Real Estate Services generated operating income of $25.8 million for the six months ended June
30, 2008, compared to operating income of $29.5 million for the six months ended June 30, 2007,
primarily due to the increased costs discussed above. We will continue to seek increased revenue
through new product offerings and new market opportunities.
Consumer Media
Consumer Media revenue decreased $1.3 million, or 9%, to $13.4 million for the six months
ended June 30, 2008, compared to $14.7 million for the six months ended June 30, 2007. The decrease
was generated by a decline in our online advertising revenue.

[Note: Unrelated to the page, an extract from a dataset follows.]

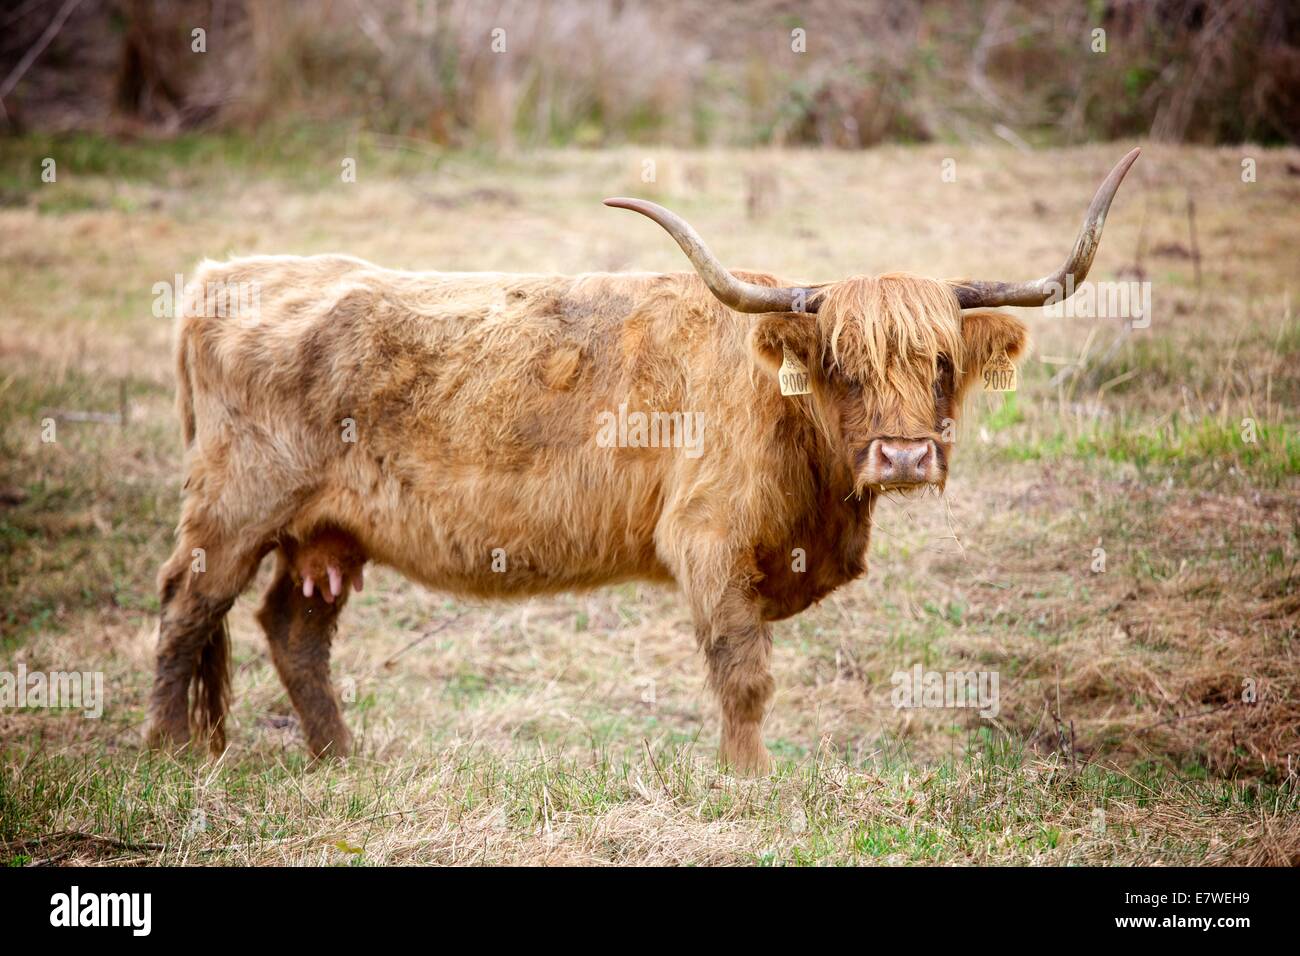 Scottish Highland ganado son conocidos por ser excepcionalmente resistente y fácil de cultivar. También son bellos animales! Foto de stock

Consumer Media revenue represented
approximately 11% of total revenue for the six months ended June 30, 2008 compared to 12% for the
six months ended June 30, 2007.
Consumer Media expenses decreased $2.3 million, or 15%, to $13.4 million for the six months
ended June 30, 2008, compared to $15.7 million for the six months ended June 30, 2007. The decrease
was primarily due to a $2.5 million decrease in personnel related costs in product and web site
development, a $0.4 million decrease in personnel related costs in sales and marketing and a $0.3
million decrease in bad debt expense, partially offset by an increase of $0.7 million in lead
generation costs and other cost increases of $0.2 million.
Consumer Media generated a slight operating loss for the six months ended June 30, 2008,
compared to an operating loss of $1.0 million for the six months ended June 30, 2007 primarily due
to factors outlined above.
25
Unallocated
Unallocated expenses increased $5.7 million, or 25%, to $28.0 million for the six months ended
June 30, 2008, compared to $22.3 million for the six months ended June 30, 2007. The increase was
primarily due to a $2.8 million increase in personnel related costs, a $2.1 million increase in
legal fees due to patent litigation costs, and a $1.4 million increase in rent and other costs
associated with our new facility in Northern California and the relocation of our customer service
center in Arizona, partially offset by other cost decreases of $0.6 million.

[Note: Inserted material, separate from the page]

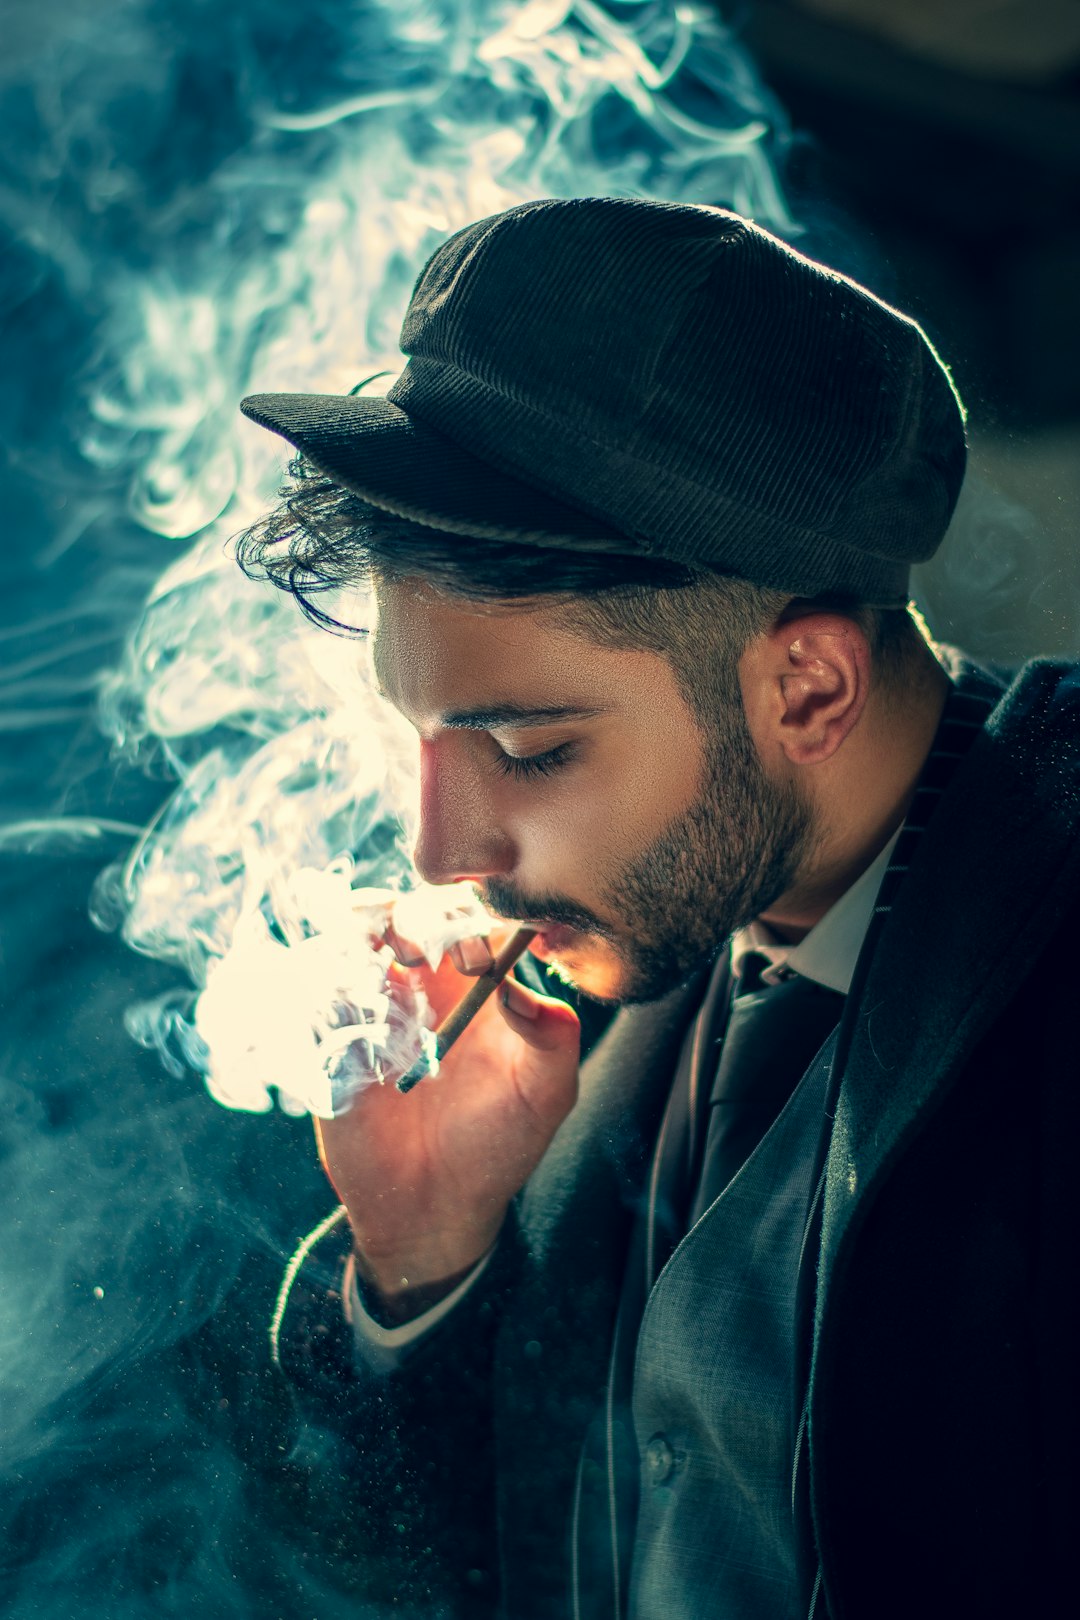 man smoking cigarette wearing black hat

Liquidity and Capital Resources
Net cash provided by continuing operating activities of $10.7 million for the six months ended
June 30, 2008 was attributable to the net income from continuing operations of $1.3 million, plus
non-cash expenses including depreciation, amortization of intangible assets, provision for doubtful
accounts, loss on sales of fixed assets, stock-based compensation and charges, change in market
value of embedded derivative liability and other non-cash items, aggregating to $12.0 million
offset by changes in operating assets and liabilities of $2.6 million.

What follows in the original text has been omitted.